MEASURING YOUR WAY TO HEALTH: “QUANTUM HEALING”
The other main source of misused quantum mechanics is “alternative” medicine. Bookshops and the Internet abound with people pitching quantum mechanics as the key to health, wealth, and long life.
The most common form of these claims involves quantum measurement. Fraudsters note that in quantum theory states aren’t determined until they are measured. They then claim that the key to health is simply to measure yourself as healthy. You can live forever, in this line of thinking, by running a quantum Zeno effect experiment on yourself—if you’re always measuring yourself to be in fine health, quantum measurement will see to it that you never get sick.
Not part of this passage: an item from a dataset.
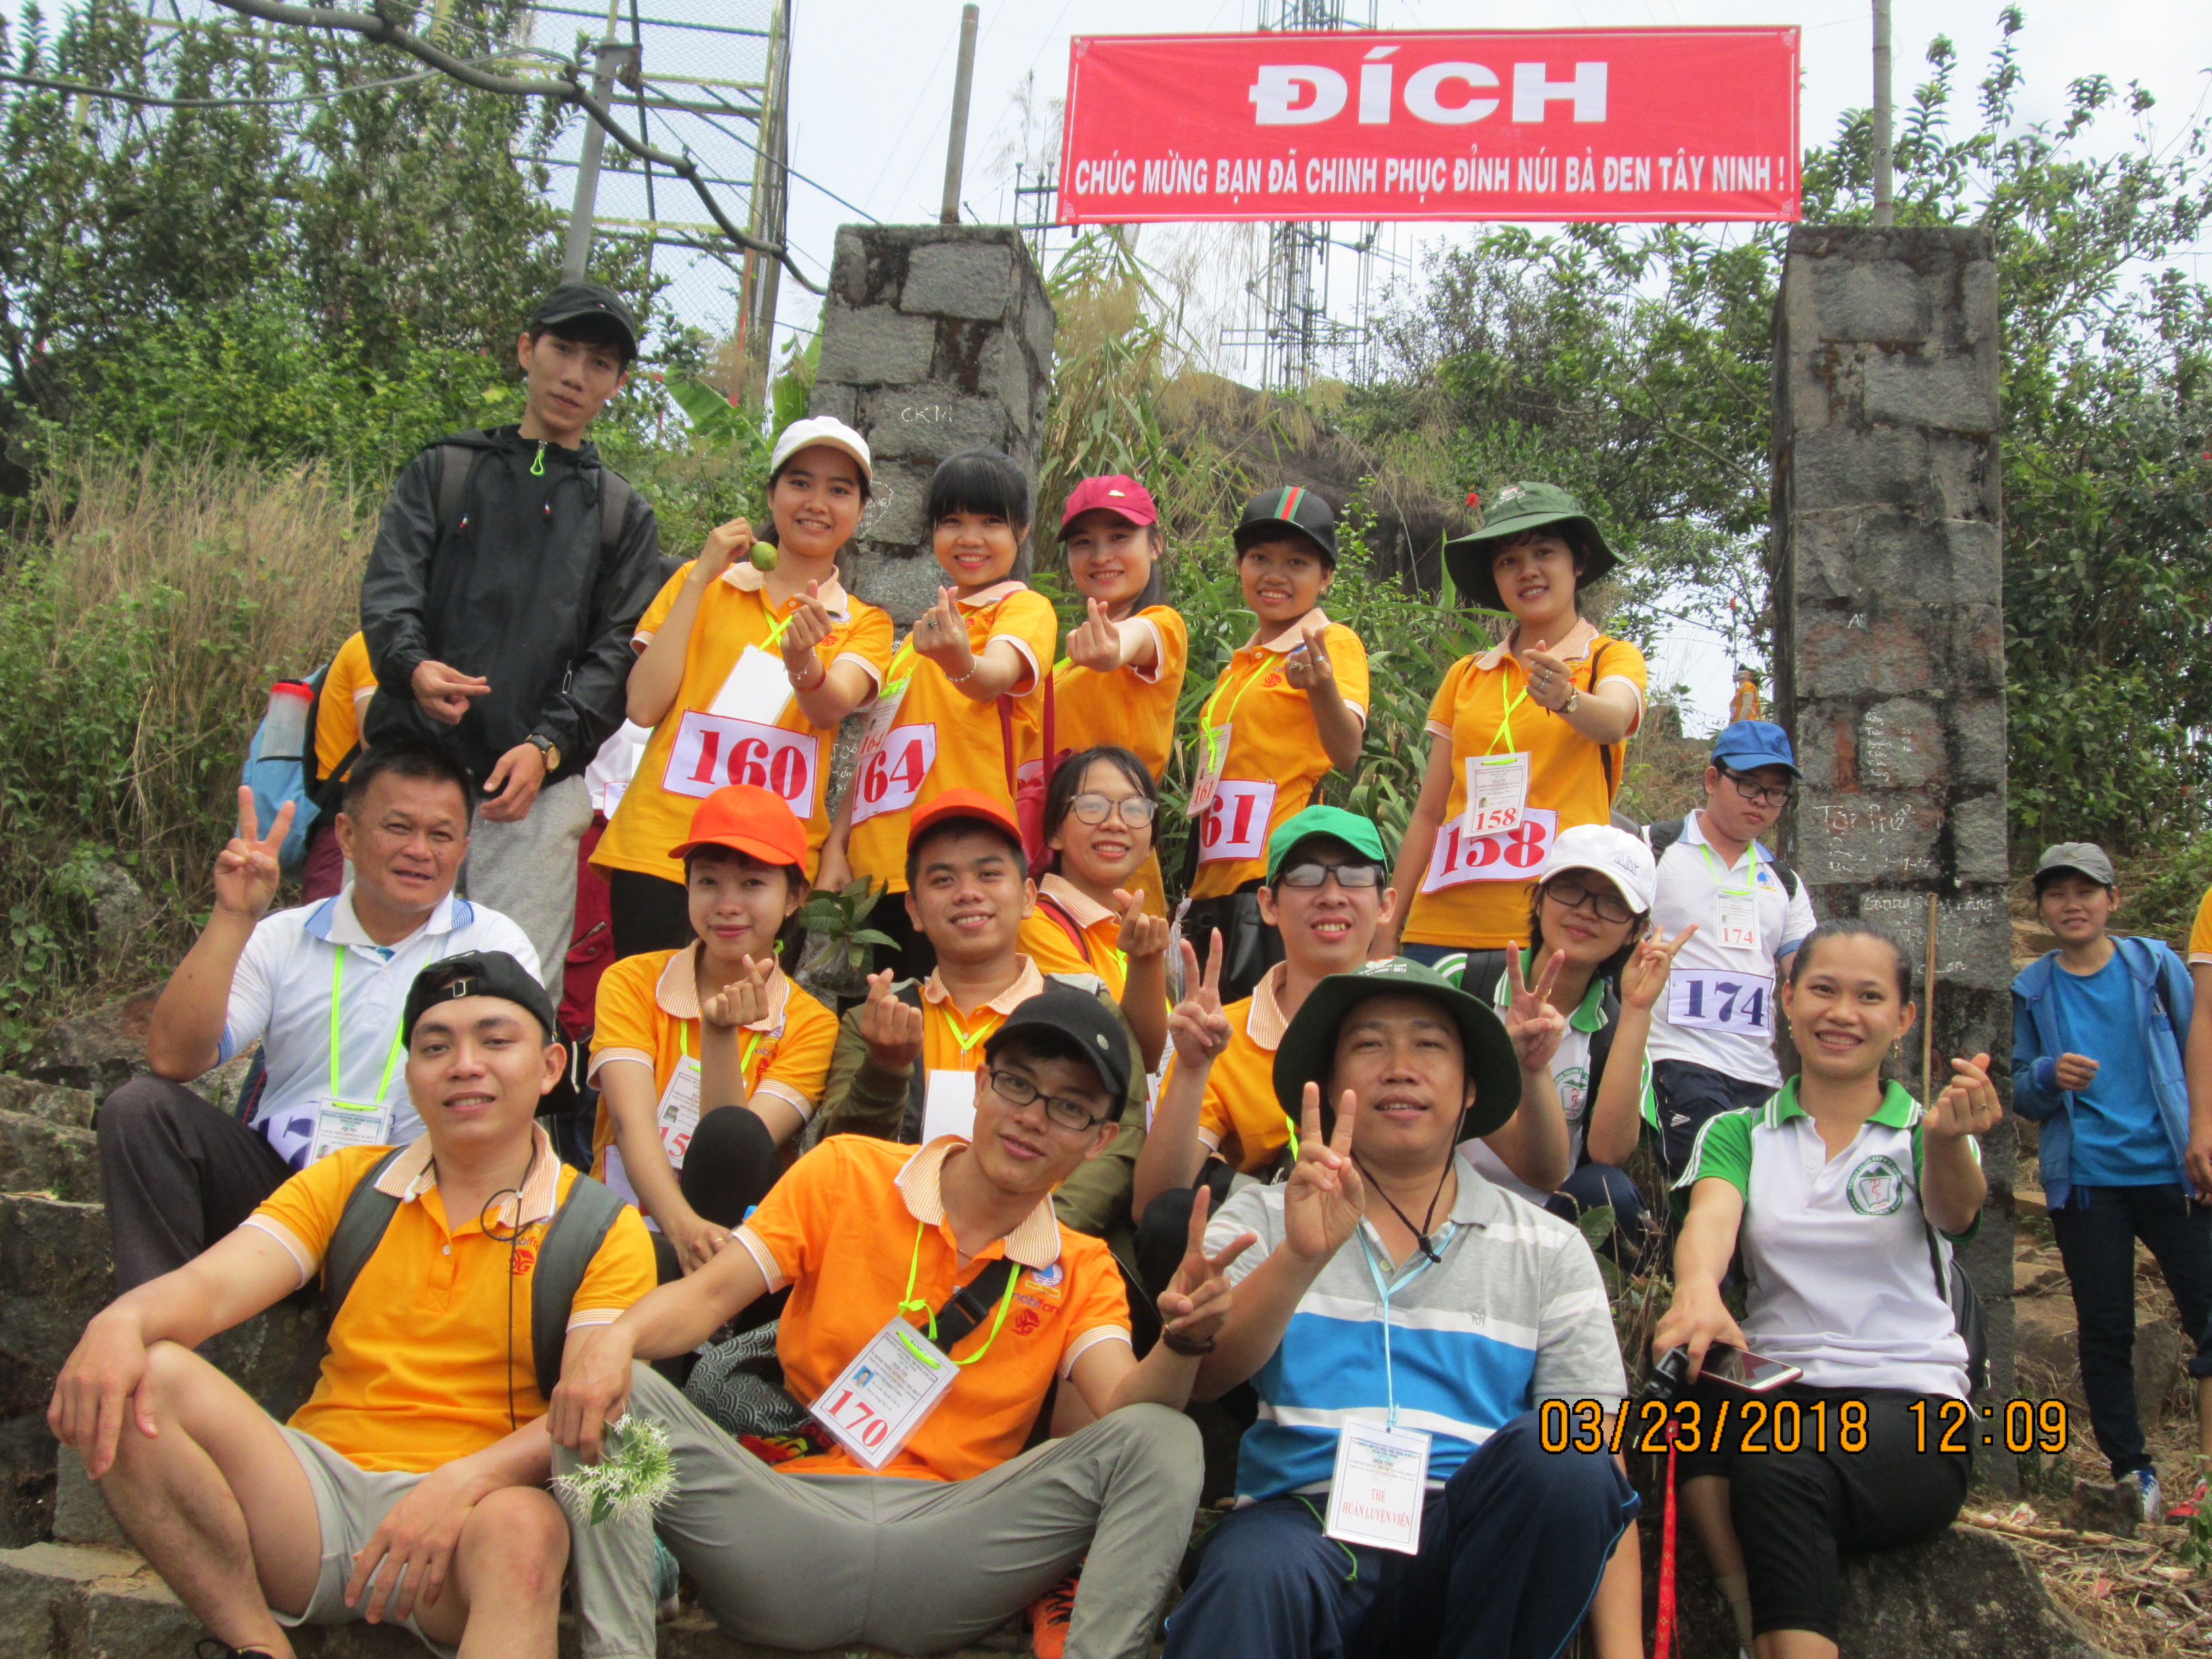 Đoàn trường Trung cấp Y tế Tây Ninh "Chinh phục đỉnh núi Bà Đen" lần thứ XXIII năm 2018

The best example of this line of quantum quackery is Deepak Chopra, who even has a book titled Quantum Healing (Bantam, 1990), the first of a string of bestselling alternative medicine books. What is “quantum healing,” you ask? Chopra offers a one-paragraph explanation in a 1995 interview:
Quantum healing is healing the bodymind from a quantum level. That means from a level which is not manifest at a sensory level. Our bodies ultimately are fields of information, intelligence and energy. Quantum healing involves a shift in the fields of energy information, so as to bring about a correction in an idea that has gone wrong. So quantum healing involves healing one mode of consciousness, mind, to bring about changes in another mode of consciousness, body.*
He uses a lot of scientific-sounding terms, but this is just word salad. It has all the scientific validity of the technobabble on old episodes of Star Trek—all he’s missing is a call to “reverse the polarity” of something.
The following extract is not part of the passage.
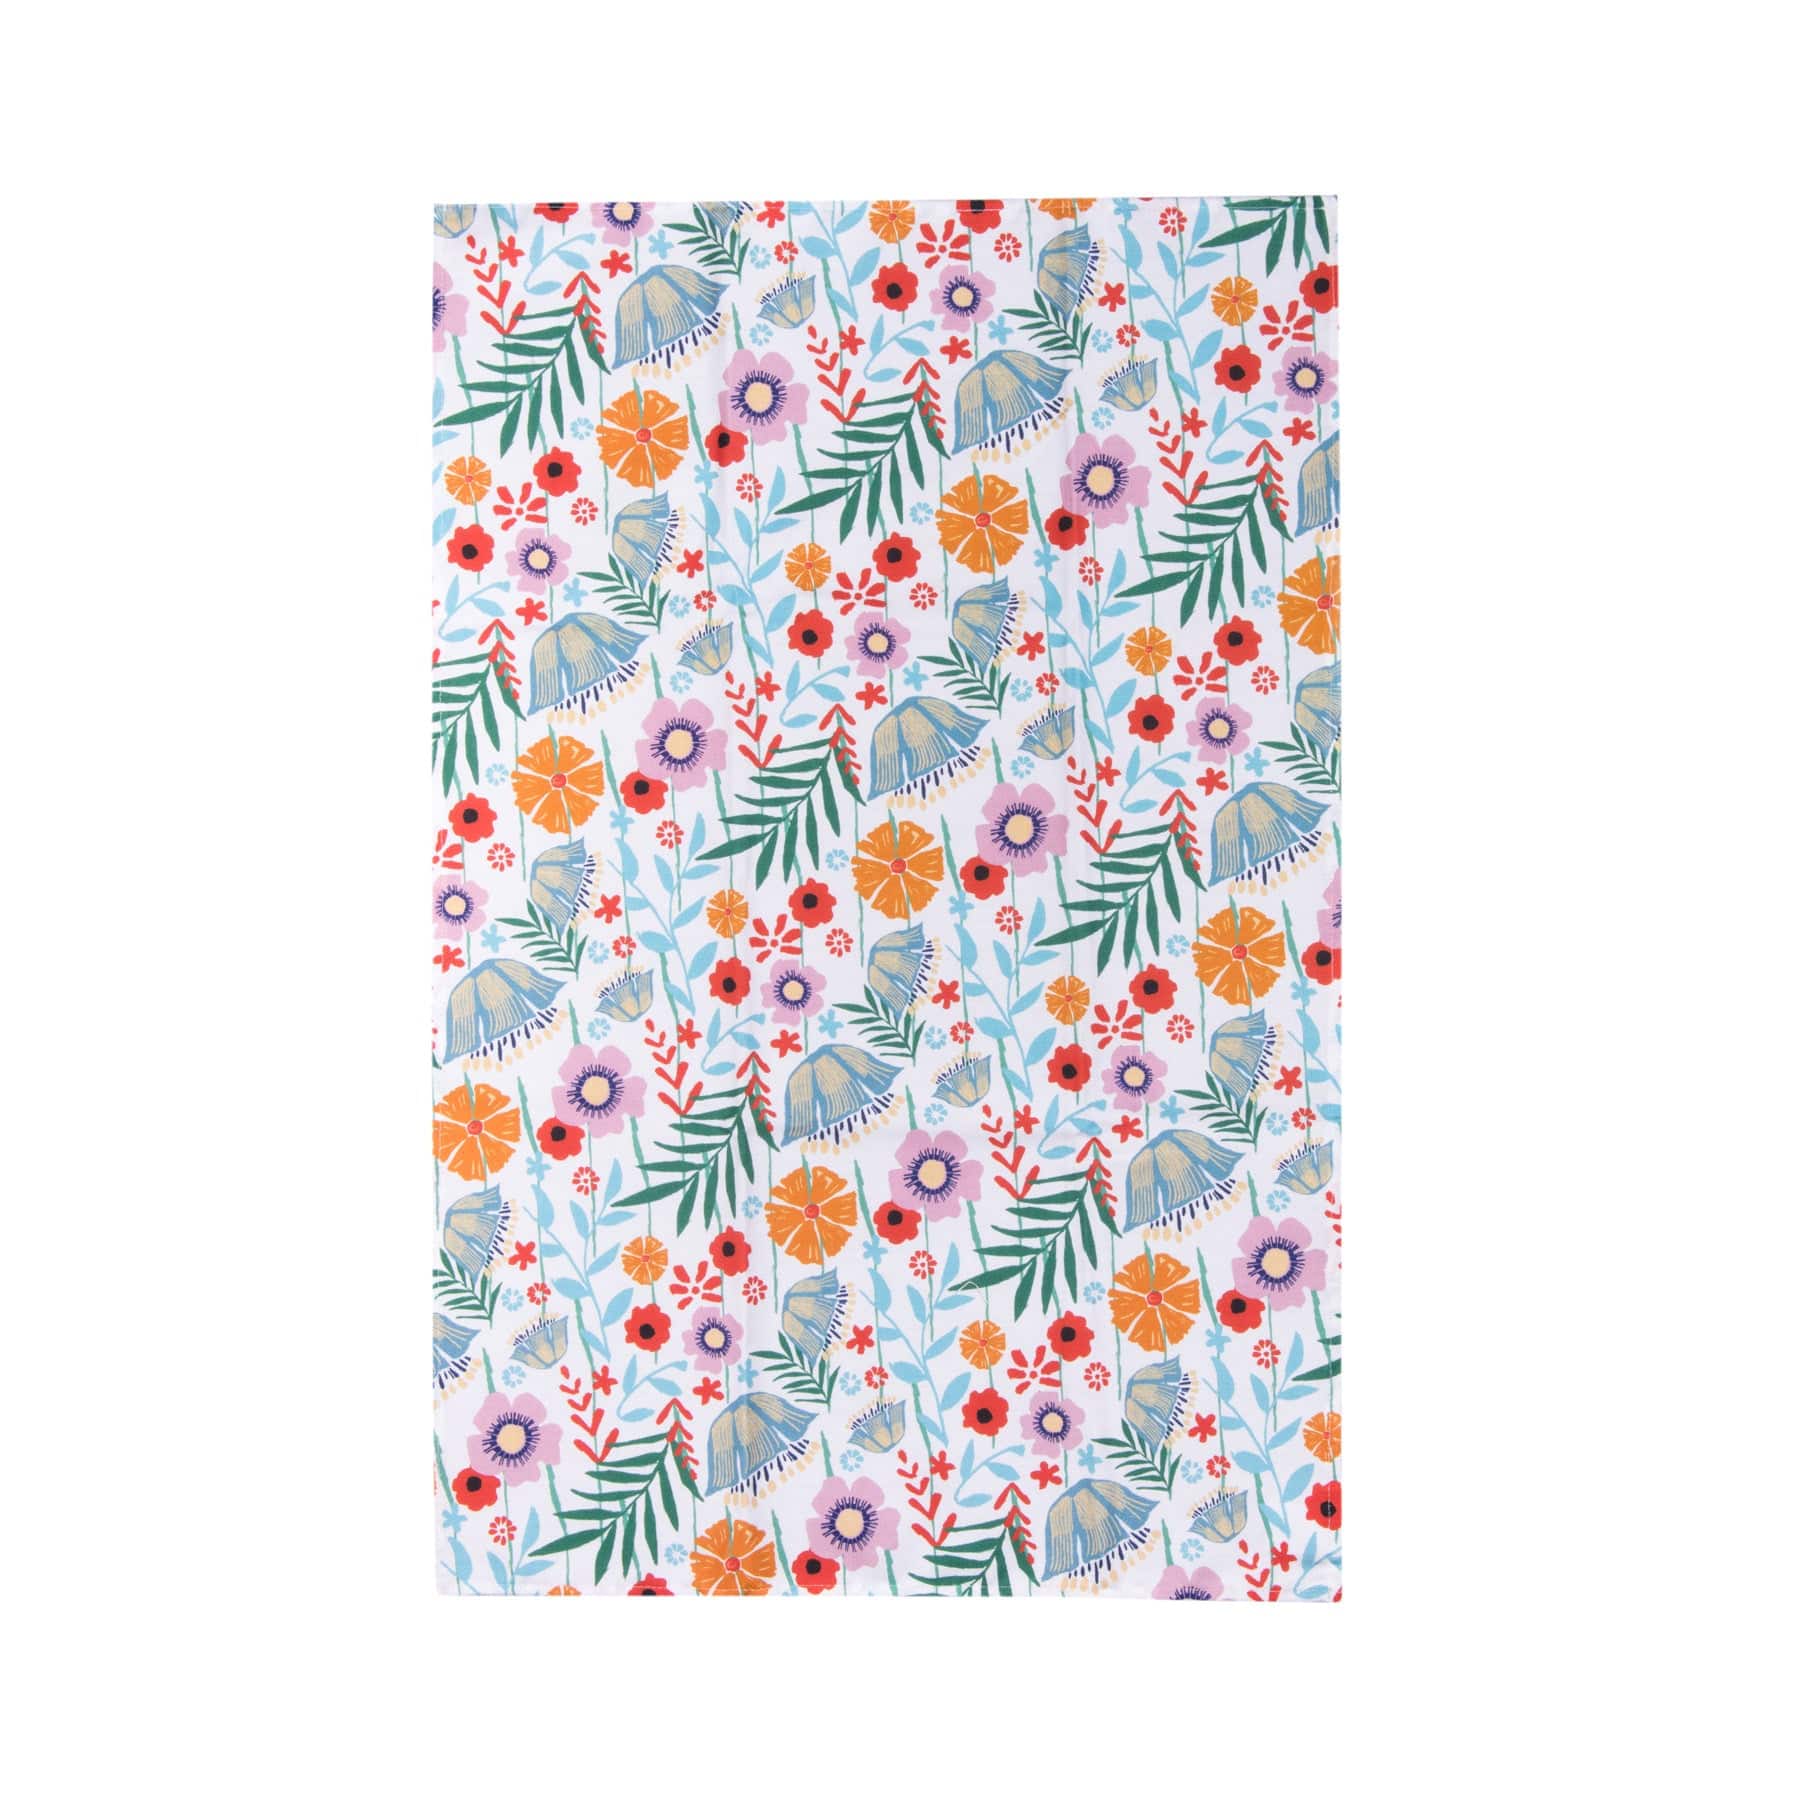 Floral print tea towel

He expands on these ideas in Ageless Body, Timeless Mind (Harmony, 1994) whose subtitle promises a “Quantum Alternative to Getting Old.” His explanation of the physical basis of his ideas shows an impressive ignorance of history, boldly declaring that “Einstein taught us that the physical body, like all material objects, is an illusion, and trying to manipulate it can be like grasping the shadow and missing the substance” (p. 10). This is almost exactly the opposite of Einstein’s view, as we saw in chapter 7. Einstein was profoundly disturbed by the idea of quantum indeterminacy, which Chopra takes to an entirely new level, arguing that nothing actually exists:
Because there are no absolute quantities in the material world, it is false to say that there even is an independent world “out there.” The world is a reflection of the sensory apparatus that registers it … All that is really “out there” is raw, unformed data waiting to be interpreted by you, the perceiver. You take “a radically ambiguous flowing quantum soup” as physicists call it,* and use your senses to congeal the soup into the solid three-dimensional world. [p. 11]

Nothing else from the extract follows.